Keady v. State

CLINTON, Judge,

dissenting.

That jurors did receive other evidence and did engage in misconduct during their deliberations in the jury room cannot be seriously disputed. Just that which the opinion of the Court summarizes on page 759 demonstrates that they ignored and disregarded instructions of the trial court intentionally, knowingly and recklessly— and, yes, repeatedly. Yet, appellant is denied a remedy because a majority of this Court has made it virtually impossible for him and any other accused similarly situated “to show reversible error.”

Sneed v. State, 670 S.W.2d 262 (Tex.Cr.App.1984), sanctions a violation of their oath by jurors, Article 35.22, V.A.C.C.P., and an infringement of the doctrine of separation of powers by the jury as a body. Sneed v. State, supra, at 267-269 (Odom, J., dissenting), and at 269-270 (Clinton, J., dissenting).

The situation is reminiscent of days when participants in the criminal justice system pretended that parties did not engage in plea bargaining, so they continued the practice without let or hindrance by statutory regulation or rule. Similarly, knowing that jurors are wont to “discuss” the law of parole, even when shown on the record that they have in fact done so judges look the other way lest they see that what was said is other evidence and the discussion is misconduct. And if the fact that there was discussion of parole cannot be thus avoided, then the ambit is to find “conflicting evidence” in the record of hearing of motion for new trial, and solemnly pronounce that “the trial judge is the final word, absent abuse of discretion,” Opinion, p. 760. Call the next case!

*762Once it was accepted that parties were to be trusted to deal with each other at arm’s length, the plea bargaining process was given some measure of respectability by legislative recognition and direction.

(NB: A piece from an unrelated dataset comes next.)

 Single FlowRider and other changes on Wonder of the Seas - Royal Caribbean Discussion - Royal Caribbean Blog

See Articles 23.16(a)(2) and 44.02, V.A.C.C.P. Let us accept that jurors are reasonable and sensible persons who can be trusted to follow their oath and instructions from the trial court when they are made to understand the reason they are not to discuss parole.

There is a school of thought that jurors fail to take seriously the stock instruction not to consider or discuss possible action of the Board of Pardons and Paroles because they do not understand the policy behind it and, indeed, may well believe that the intent of such an instruction is to hide something from them. (“Well, outside we read and hear about it all the time, so why does the judge tell us not to talk about it in the juryroom?”) It follows that jurors would be better informed and equipped to remove operation of parole laws from consideration during their deliberations if and when they are given a common sense reason for doing so. And the most practical reason from the perspective of a layman is that no one in this State can predict when an inmate will be released on parole, or whether one will ever be released on parole at all!

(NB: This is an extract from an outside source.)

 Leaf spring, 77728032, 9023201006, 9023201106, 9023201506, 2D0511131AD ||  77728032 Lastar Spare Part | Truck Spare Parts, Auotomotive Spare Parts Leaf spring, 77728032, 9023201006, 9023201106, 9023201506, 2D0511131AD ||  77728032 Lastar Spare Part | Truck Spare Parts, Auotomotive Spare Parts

When the pattern instruction is given the trial court should add an explanation of the reason the matter should not be considered, somewhat along the following lines, viz:

“Further you are instructed that the determination to grant parole, if and when made, rests on many facts and events not now known, for the simple reason that they have not yet occurred at time of trial. Since it cannot be predicted at this time when or even whether parole will be granted, you are not to mention, refer to, discuss or consider how long the defendant might be required to remain confined to serve the' punishment you assess and the sentence the court will impose. Such matters come within the exclusive jurisdiction to be exercised at some time in the future by the Board of Pardons and Paroles, and to some extent by the Governor of this State, and they are beyond the province of courts and, therefore, of the jury as well.”

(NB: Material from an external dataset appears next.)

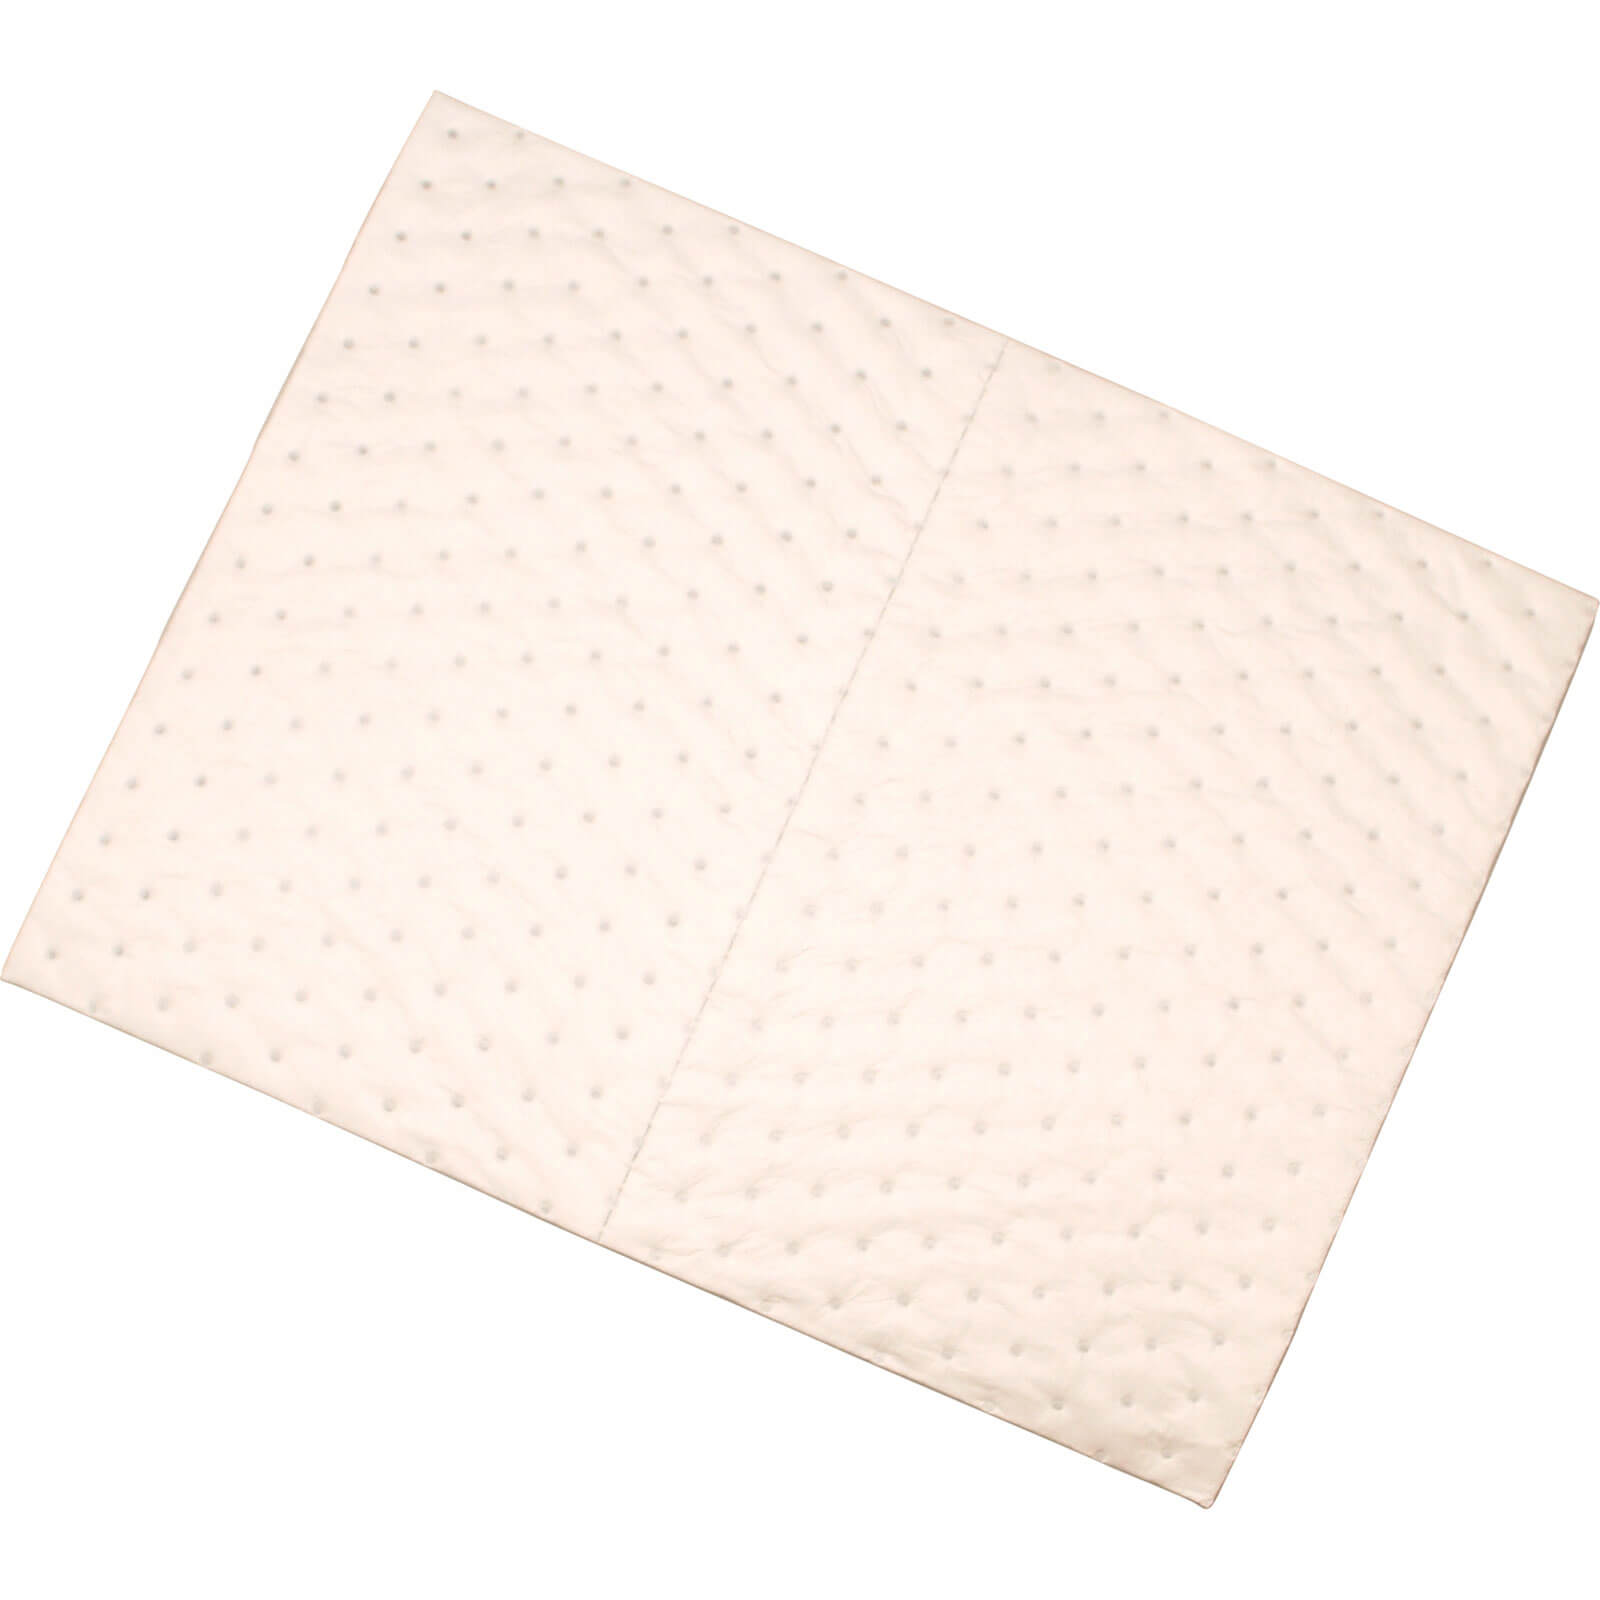 Scan Oil & Fuel Absorbent Pads Pack of 10

See Heredia v. State, 528 S.W.2d 847, 853, n. 4 (Tex.Cr.App.1975).

Against a burden of prospective hearings on new trial, appeals, reversals, retrials and successive appeals, the potential benefits of giving a jury accurate and complete information as to the truth of the matter loom large, and any additional chore imposed on administering the criminal justice system at the trial level is minuscule.

Because by adhering to Sneed the majority will not lead the way out of this morass of jury misconduct, I dissent.